Creating accessible Web pages lets you reach as many customers as possible. People with disabilities are not the only users who appreciate accessible pages. Users of text-only browsers or users of software that interprets Web page content might also rely on accessibility options. Accessible design enables automation tools, such as search engines, to search, index, and work with the information on your pages.
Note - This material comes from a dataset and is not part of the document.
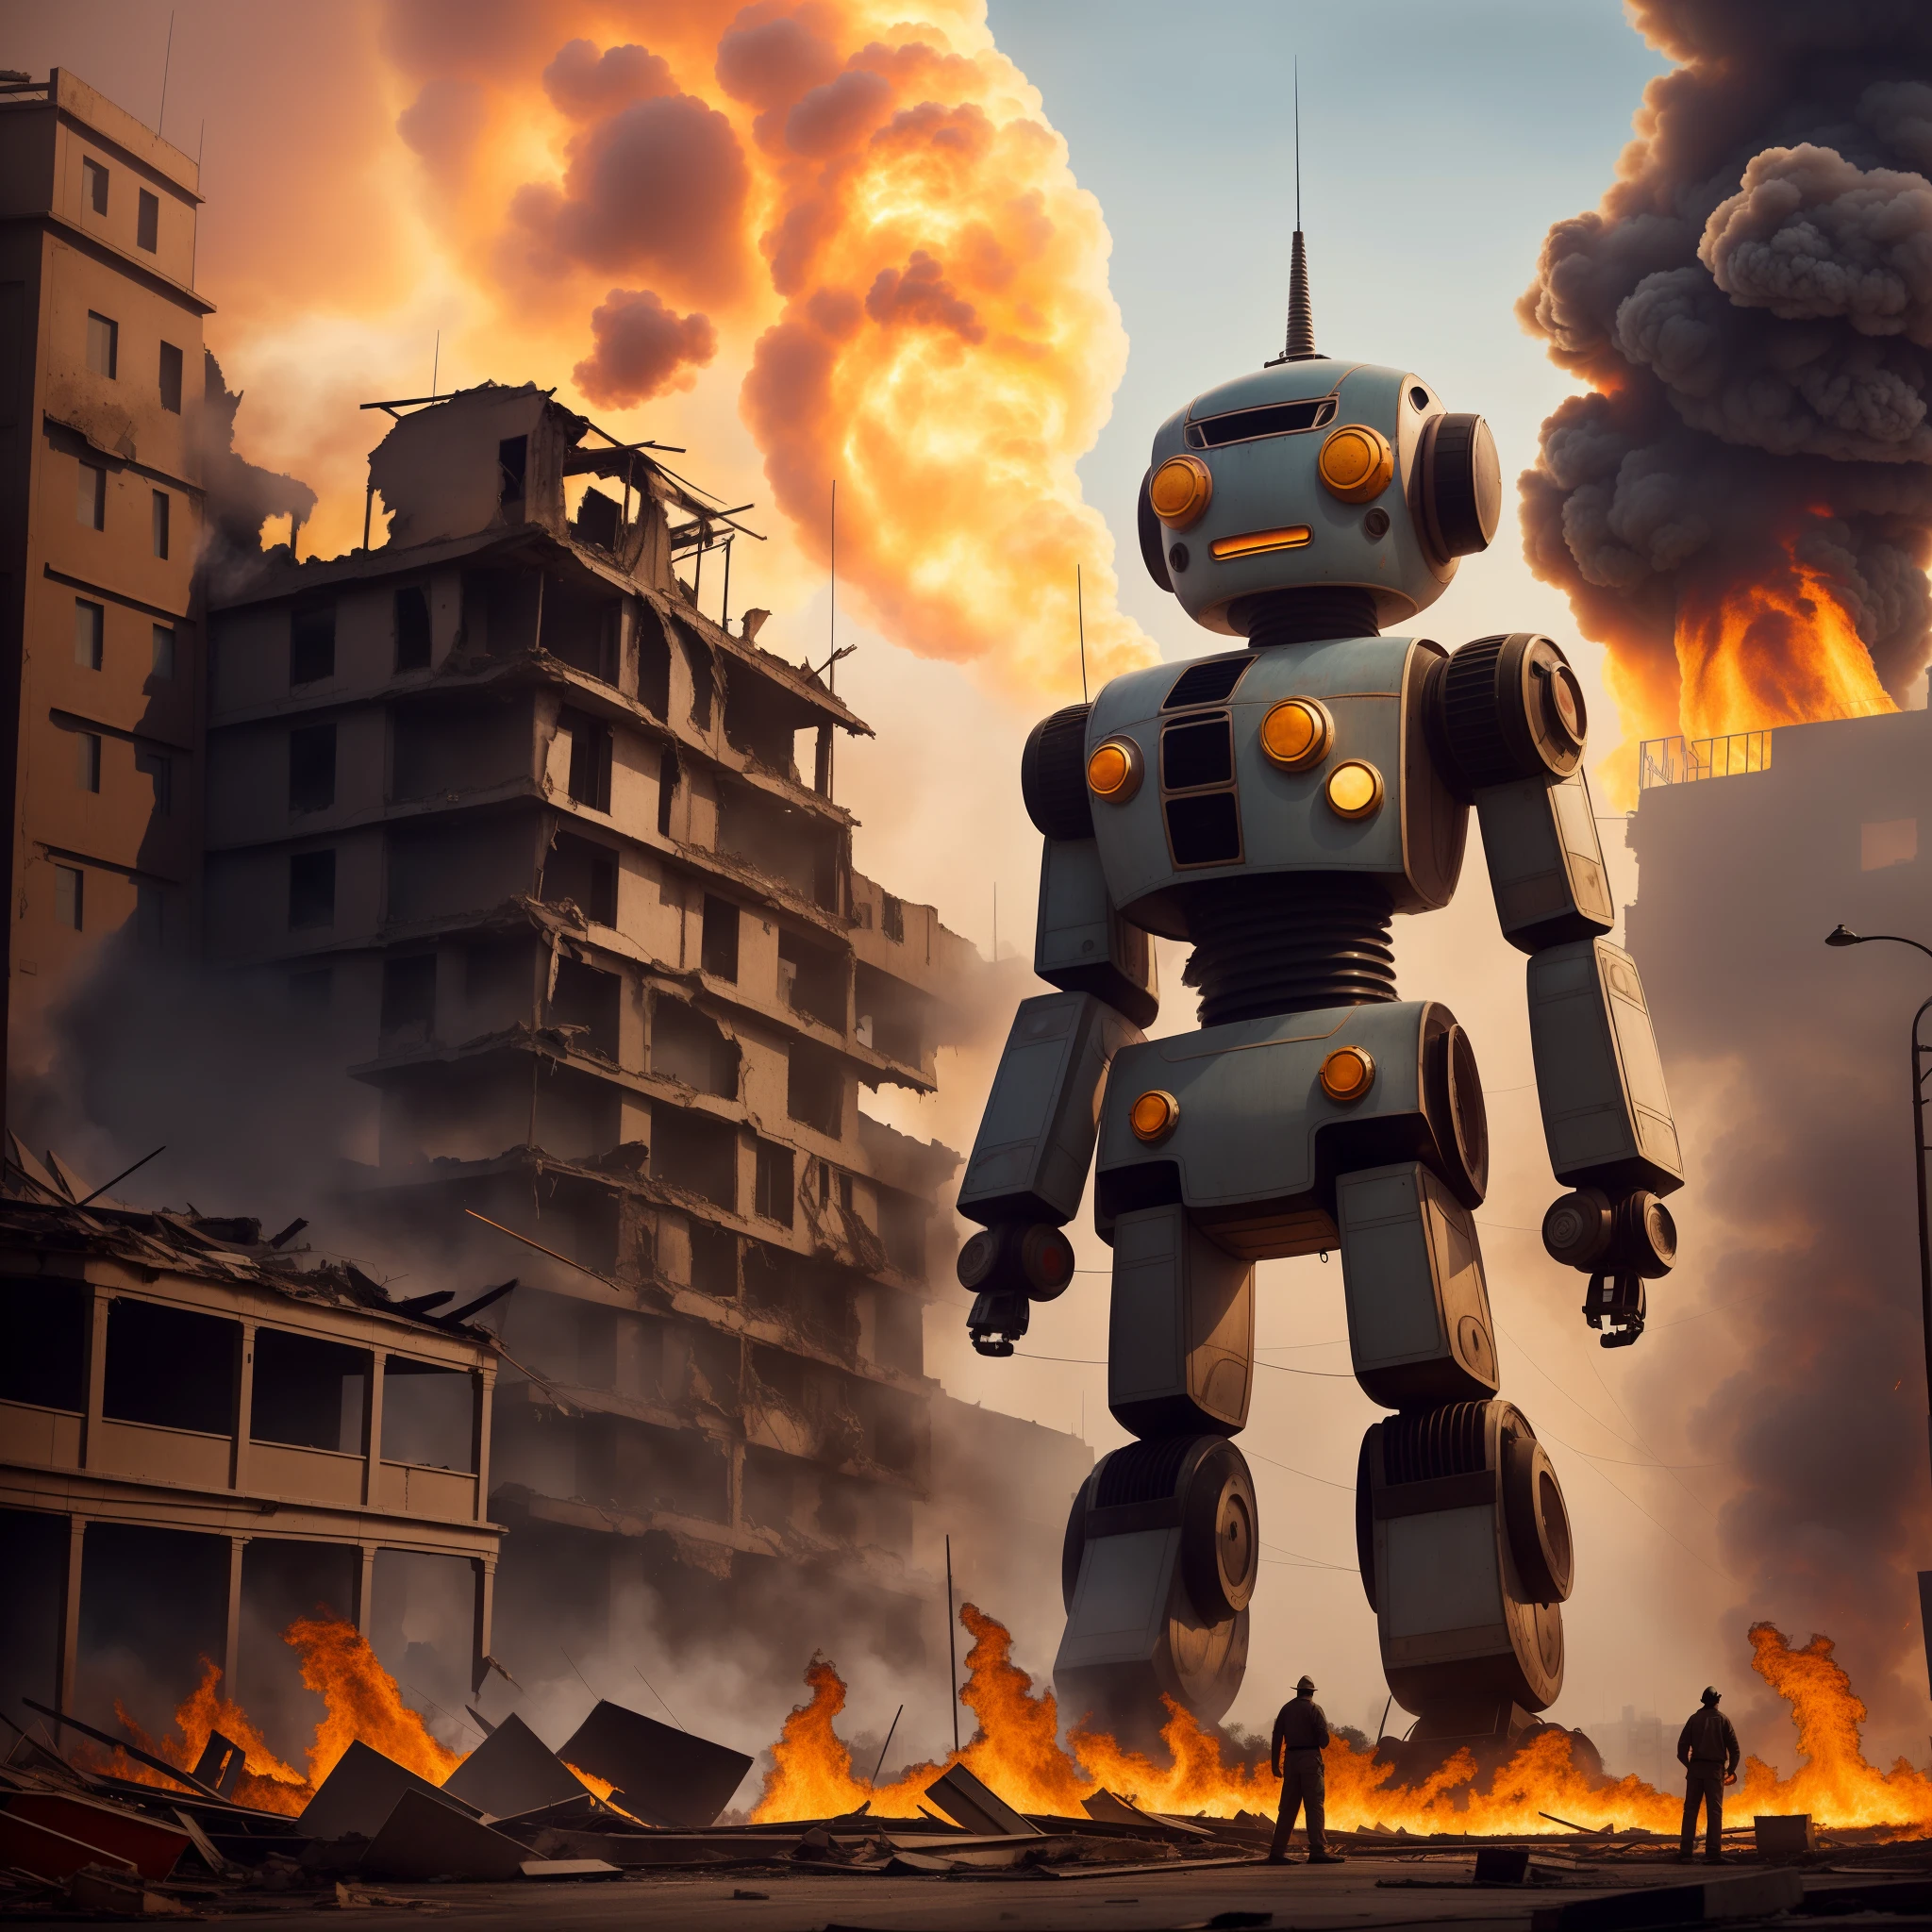 1 个 1000 米高的超大复古玩具机器人，大量城市建筑受损，废墟，火势正在熊熊燃烧，(((公民避之不及)))，小雨，安全的，极其详细

Finally, future telecommunications laws might require information that is distributed over the Internet to be accessible, just like traditional software. For more information, see Accessibility Support in ASP.NET and ASP.NET Controls and Accessibility.

From the Microsoft Accessibility Web site, here are tips for designing accessible Web pages:

  • Provide good alternative (ALT) text for all graphics.
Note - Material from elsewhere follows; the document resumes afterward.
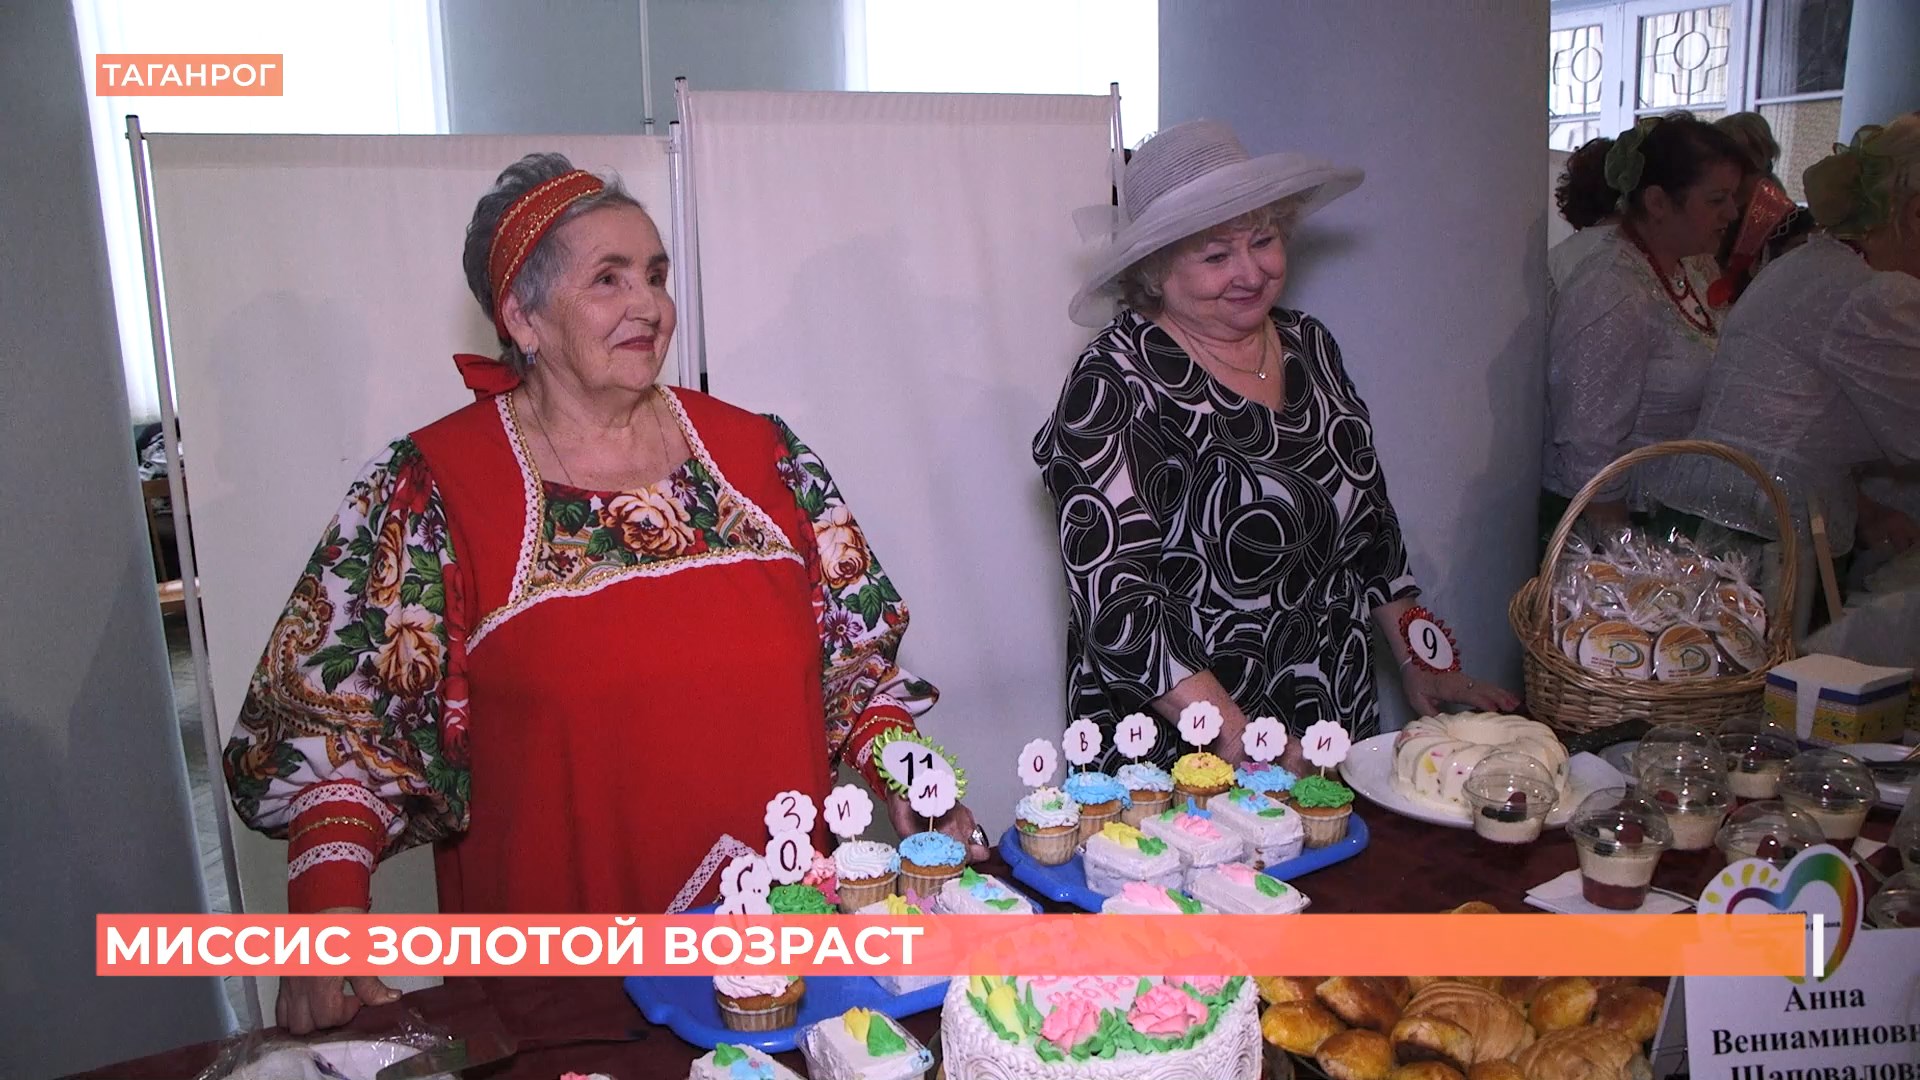 Миссис Золотой возраст выбрали в Таганроге на областном конкурсе

  • Make correct use of image maps.

  • Write useful link text.

  • Design good keyboard navigation.

  • Provide alternative pages that do not use frames.

  • Use tables and their alternatives correctly.

  • Support the formatting options for the text reader.

  • Do not require the use of style sheets.

  • Use file formats that the reader can use.

  • Avoid using scrolling marquees.

  • Provide titles for most objects.

If you cannot meet accessibility goals, consider providing alternative text-only Web pages.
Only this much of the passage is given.